• Required work: Word for word, restate the lines of the listing below from the line with "Ocelot Extra Bold Italic image" through the line with "Escudo protector con", and do not include the pictures.

• Source material:
—————

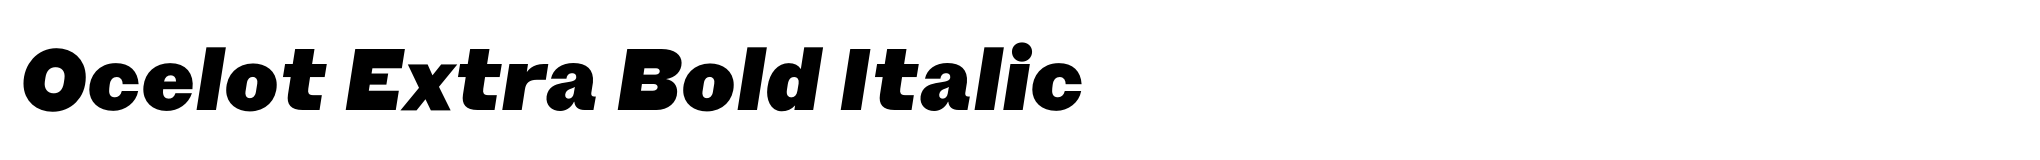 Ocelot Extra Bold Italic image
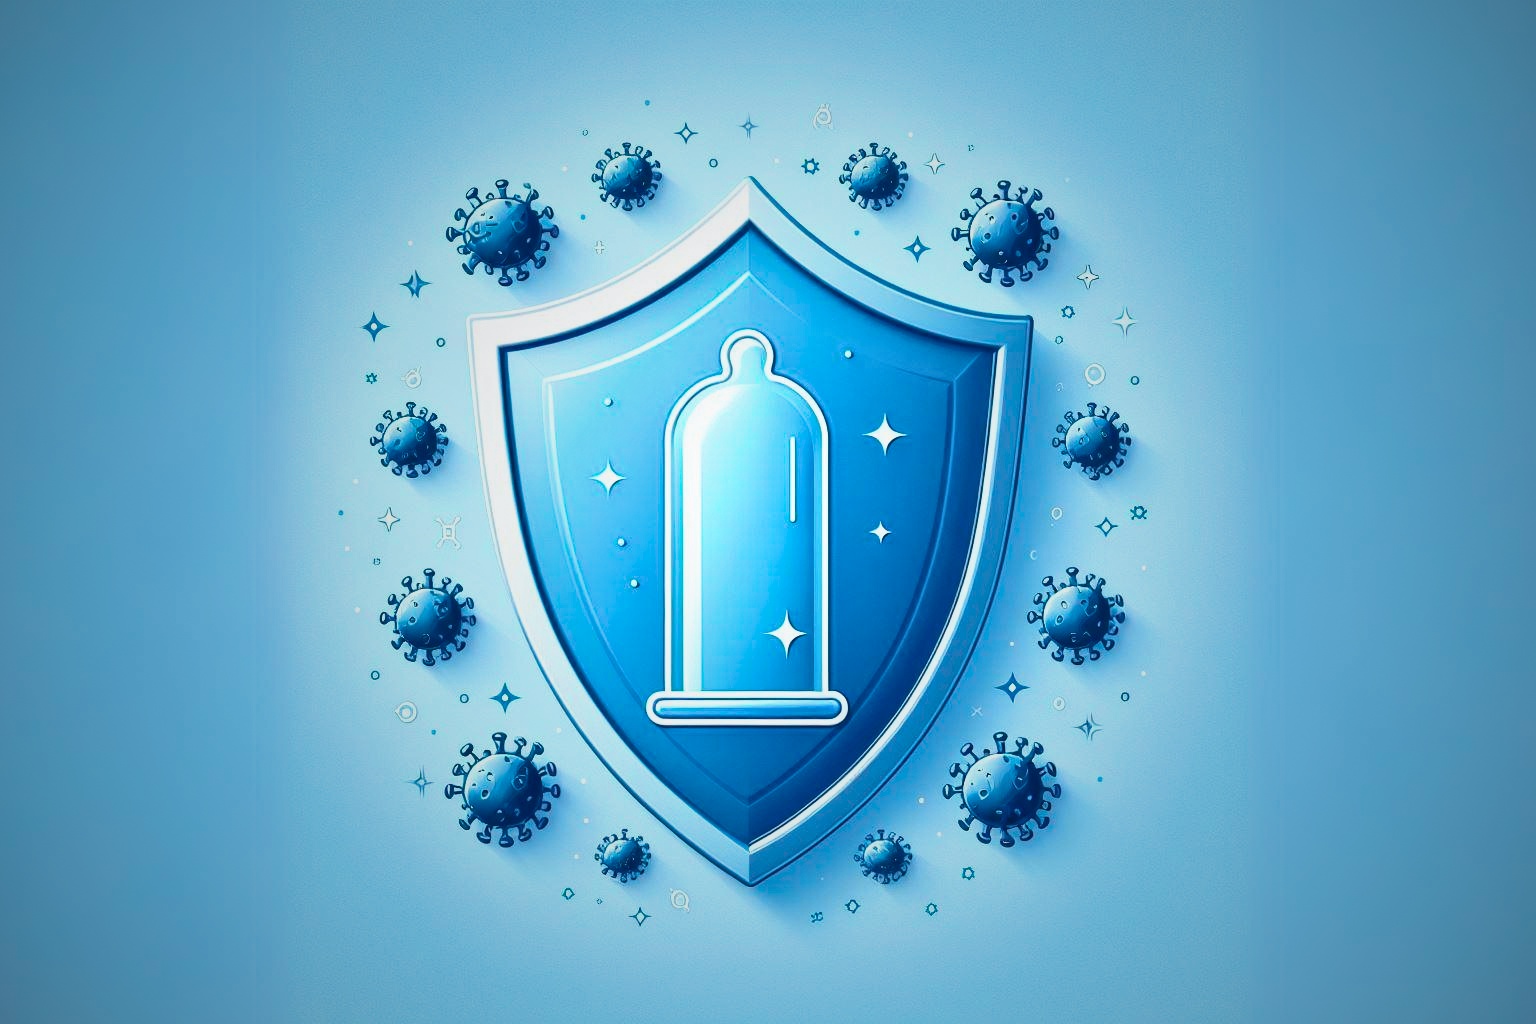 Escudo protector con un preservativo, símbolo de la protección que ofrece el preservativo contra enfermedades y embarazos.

—————

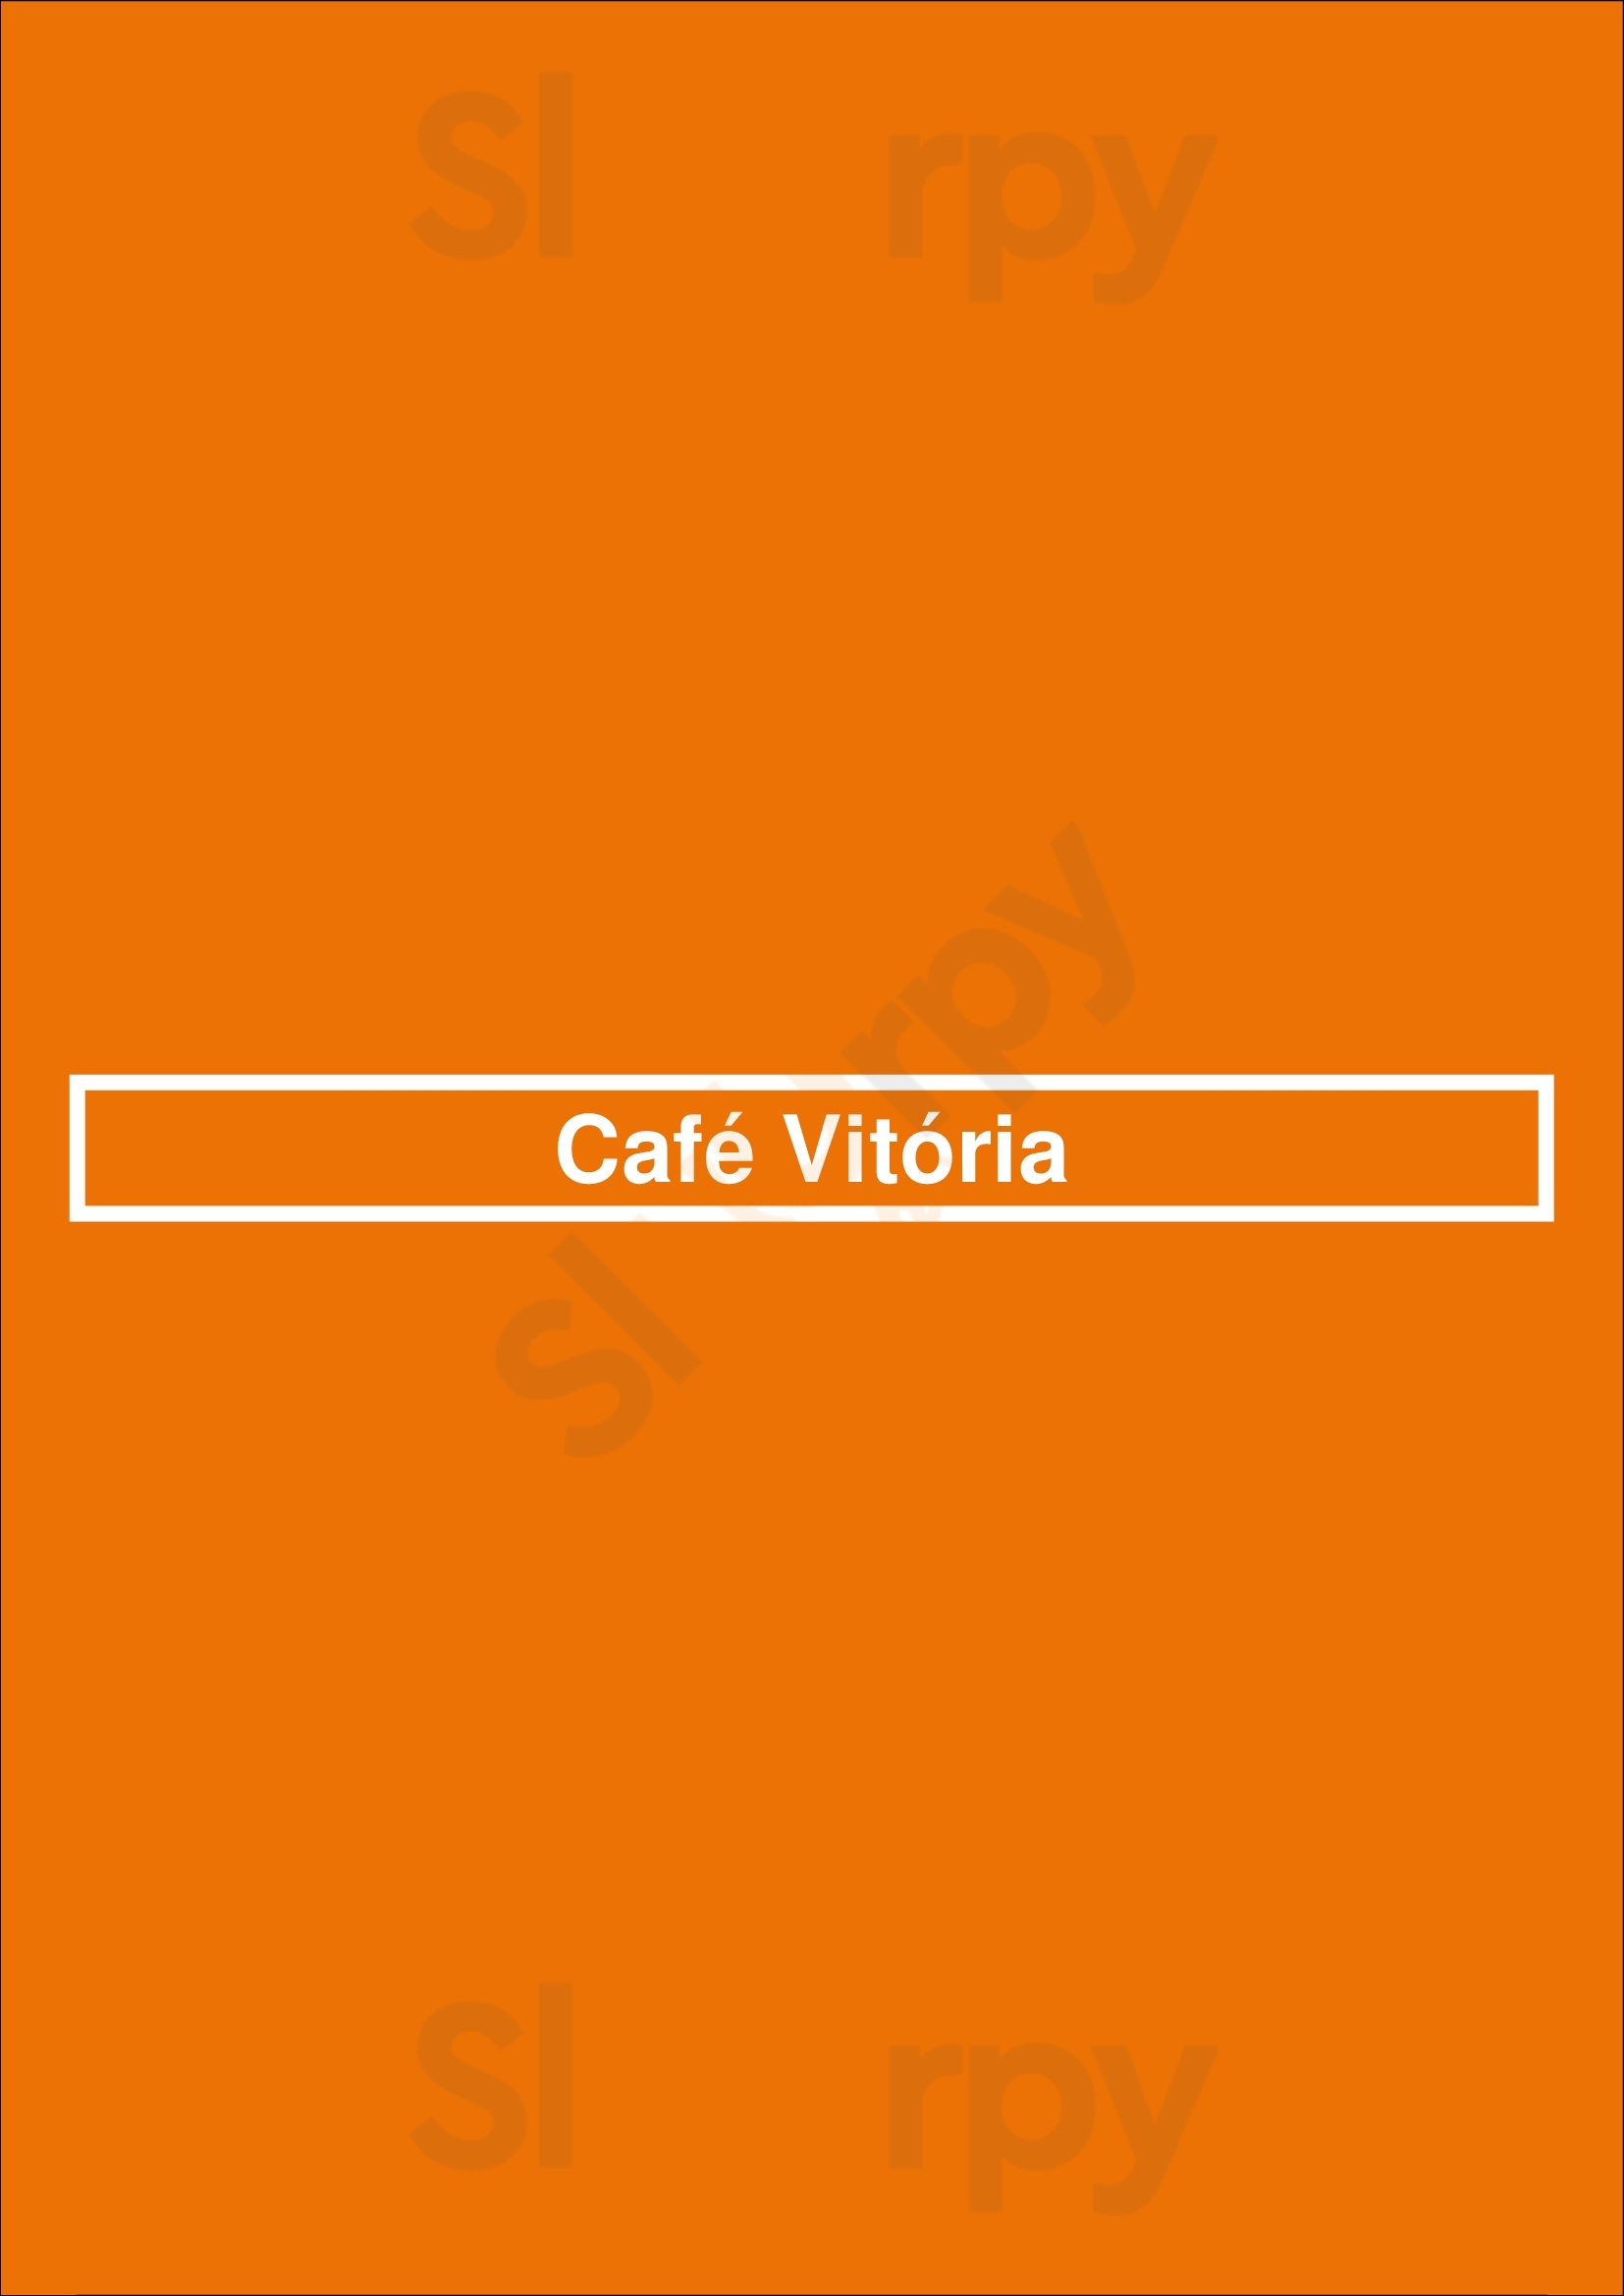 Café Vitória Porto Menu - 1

—————

• Answer for the task:
 Ocelot Extra Bold Italic image
 Escudo protector con un preservativo, símbolo de la protección que ofrece el preservativo contra enfermedades y embarazos.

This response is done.